When the coin dropped, I dropped my sandwich. My wife at best tolerates my jousting with windmills, but this one bugged her as much as it bothers me. This should not have happened. And it did – and it was not Manning who was the weak spot, but the supervision and leadership that let him do whatever misguided and deranged crap he did.
Manning was on a
secure DOD/ Army system, in a sensitive compartmentalized intelligence facility
(SCIF) of some sort and he was able to download highly classified materials to
either thumb drives, data cards or CDs. The military
banned all that stuff on its computers prior to the kid's enlistment. While it
might be possible to cheat if you were on night shift in a CP someplace with
just a normal Army computer and nobody checking on you, in a SCIF there are a
lot of people checking on you usually. When you enter the SCIF, you are subject
to search; brief cases, backpacks and similar things are checked as a matter of
course. HOW THE HELL DID HE BREACH THE BASIC IT SECURITY AND THE PHYSICAL
SECURITY PROTECTING THIS STUFF? This is a serious concern. Certainly, the
officers and NCOs running the place should be investigated for either
complicity or negligence or both. If they say him with a CD, they needed to act
immediately; if they saw him with a data stick, ditto. Slipping a micro into a
slot would be really disturbing. Either
they didn’t care, they allowed it to happen or they just didn’t bother to watch
this obvious candidate for Soldier of
the Millenniums. Somewhere, SGT Morales is crying.
The fact that somehow
this kid had access to TS and higher should bother a lot of us. Did DOD not investigate the guy prior to the
granting of the clearance? Was there no interview? How did he keep the
clearance after reprimands? WHO GETS REPRIMANDED FOR ASSAULTING AN OFFICER?

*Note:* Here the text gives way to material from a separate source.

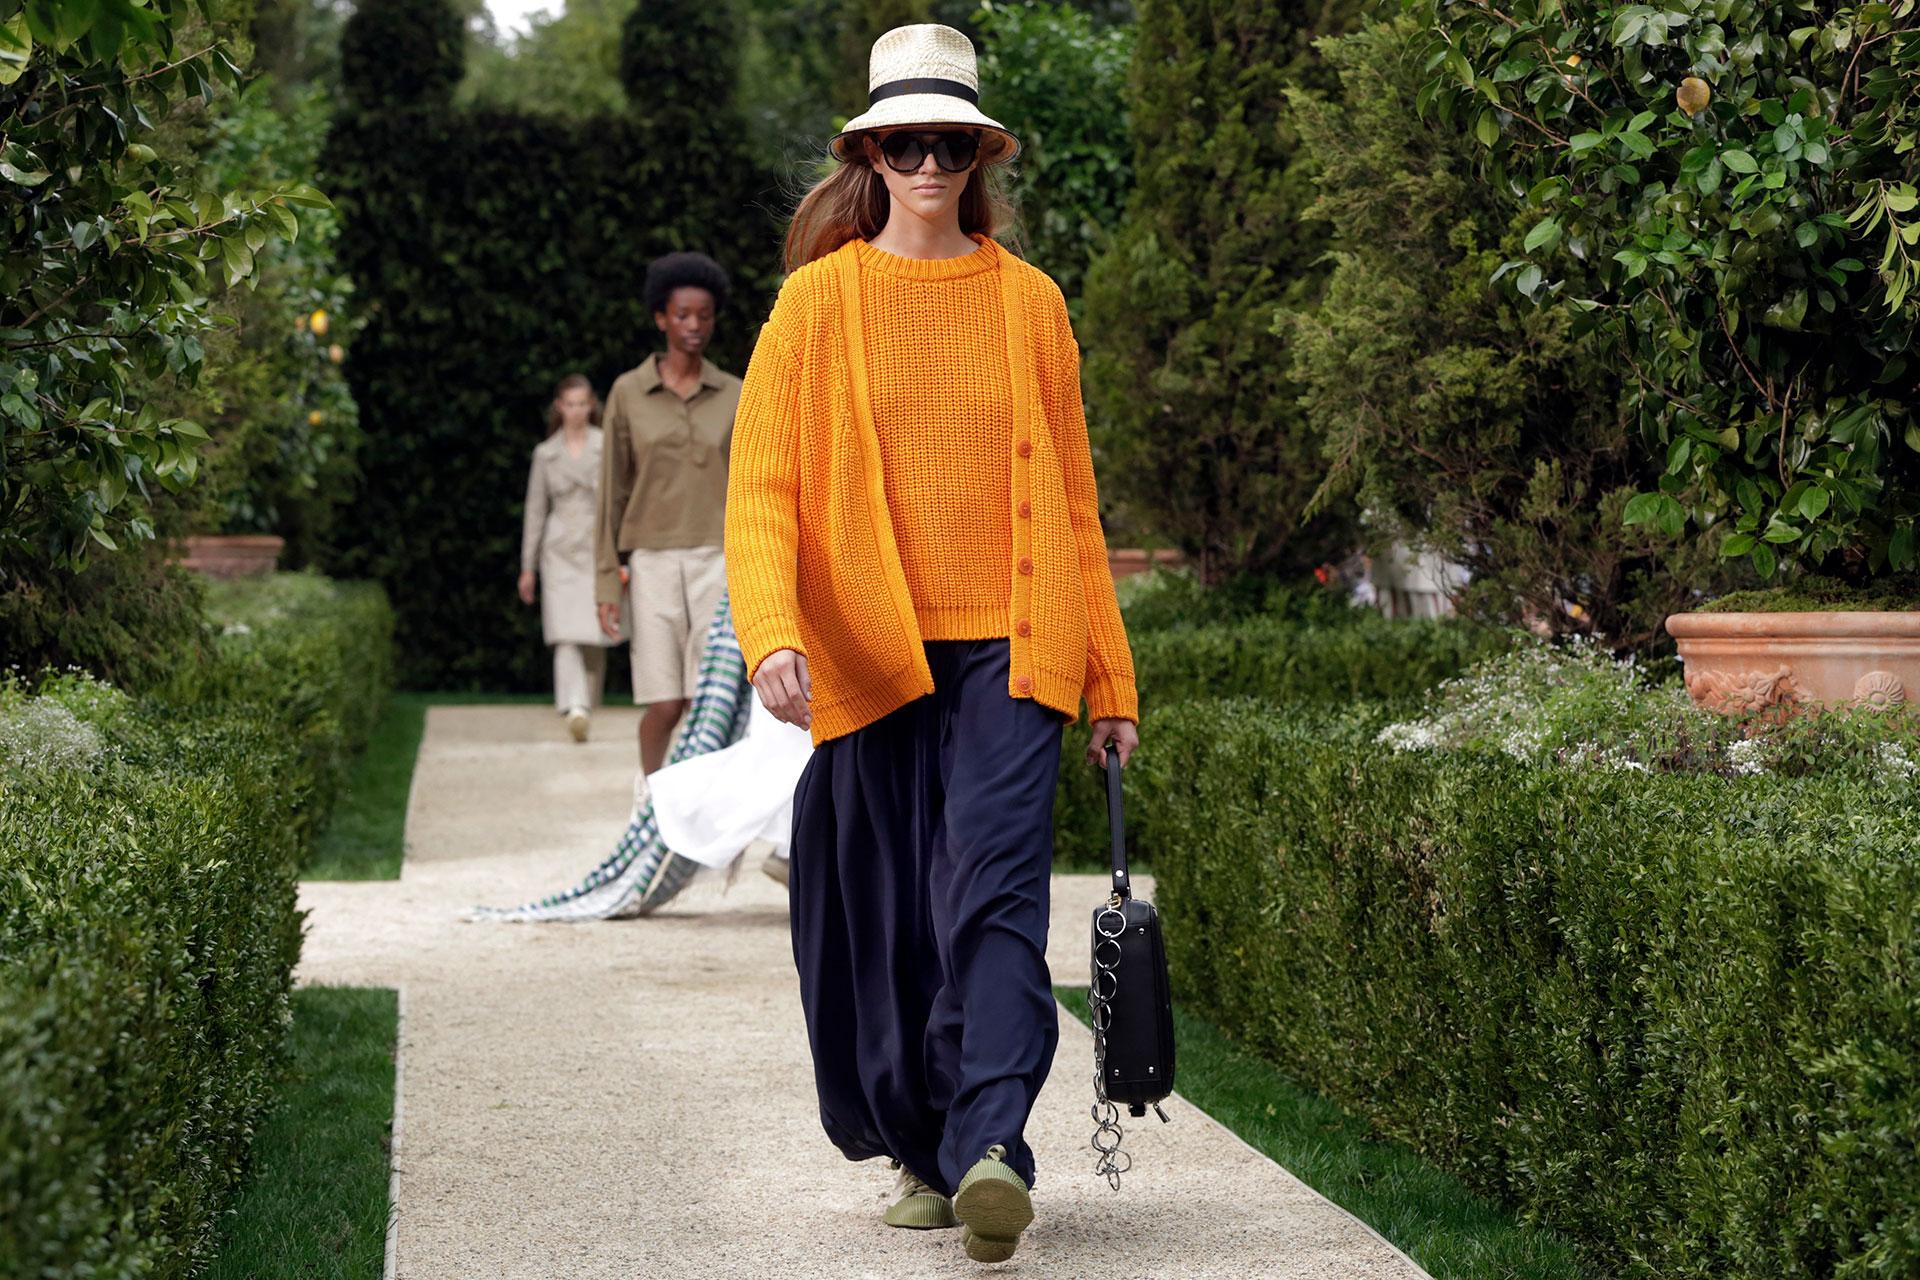 No solo los diseños de verano se vieron, sino también los tejidos, una pieza clave atemporal. Naranja y azul, una combinación explosiva. Gorros, anteojos de sol y cartera en mano, un look que no debe faltar en el guardarropa.
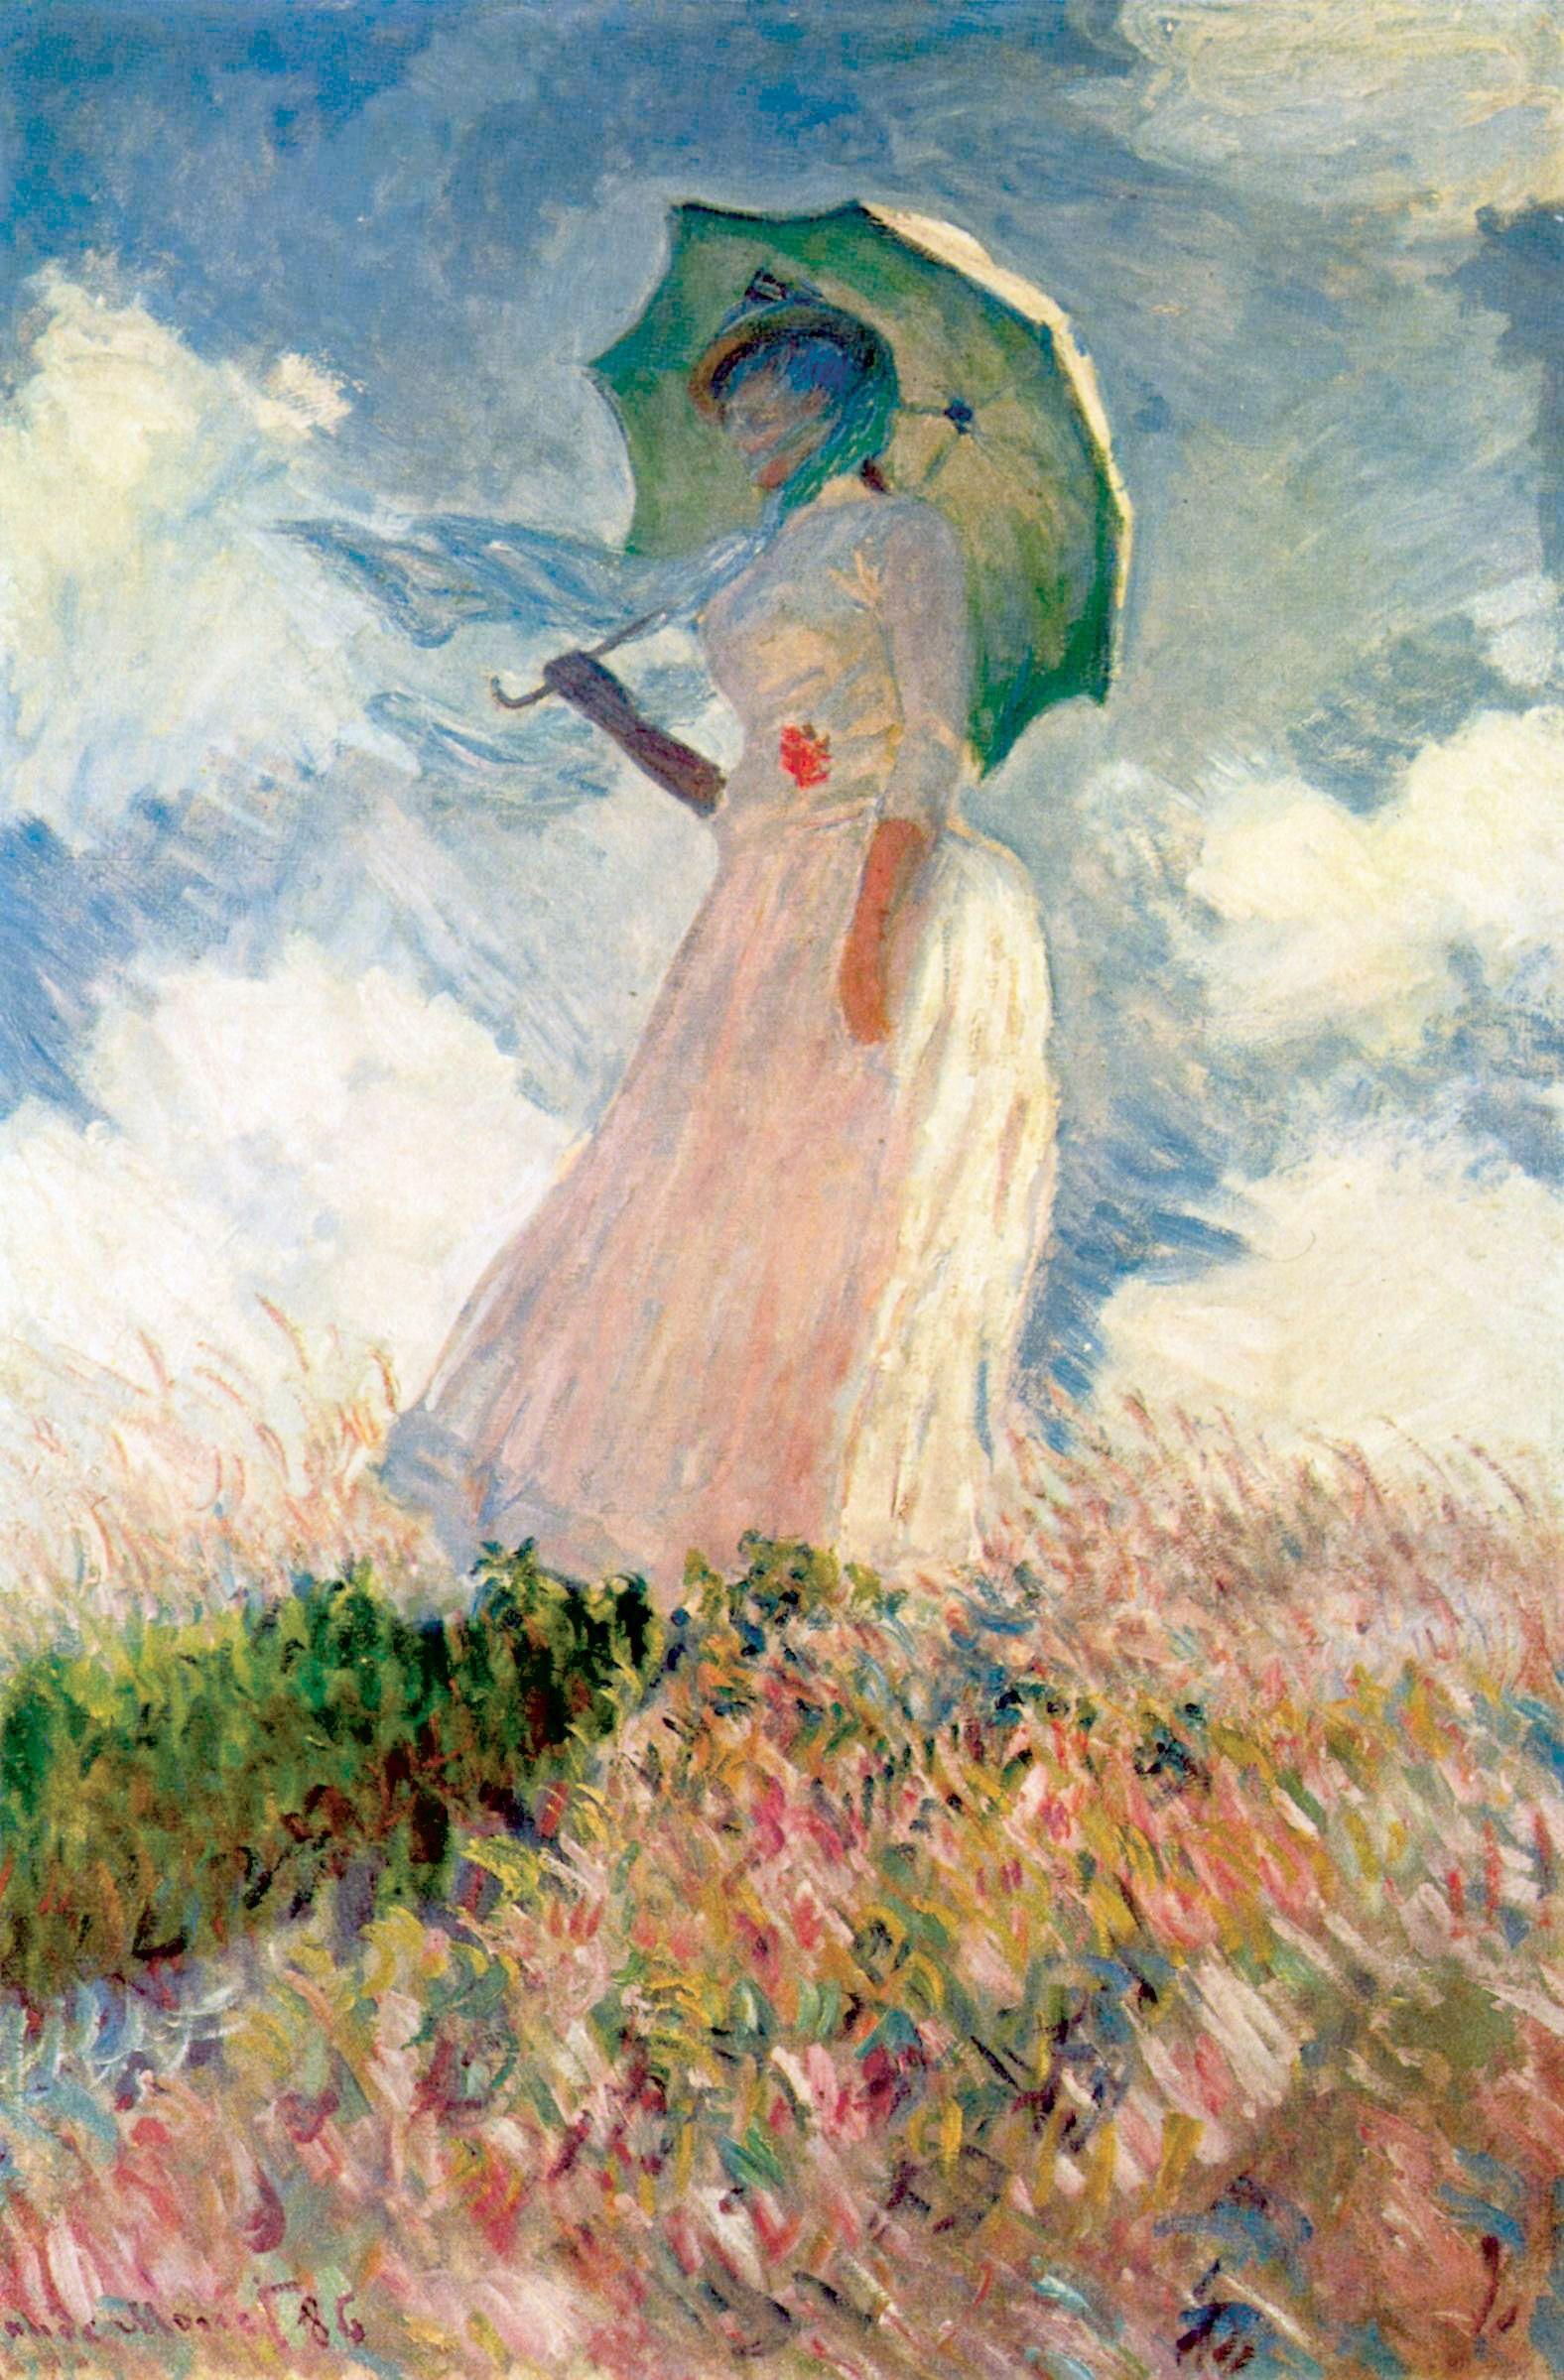 quadri più famosi di monet, donna con il parasole

Maybe some hard corps grunt dealing with the problems of cooling down after a
fraught mission and being asked some silly crap; but, this guy was a REMF.
There's a lot to be concerned about here, but Manning's actual leaks are the
least of it. He was a computer GEEK and gee, the Army
needs those for places like Fort Meade and various Field Stations. Was he in a
Field Station? No, he was in the SCIF in a Forward Operating Base in Iraq. The
Army knew he needed help; they were going to discharge him during Basic for
unsuitability. Instead of washing him out, they sent him on to AIT and he got a
TS/SCI clearance. The unit wanted to leave him behind instead of taking him to
Iraq but they were short analysts so... Where the hell were the Counter-Intelligence
people who were supposed to be there? He was acting out all over the place in
all sorts of ways…and nobody noticed until a hacker reported him?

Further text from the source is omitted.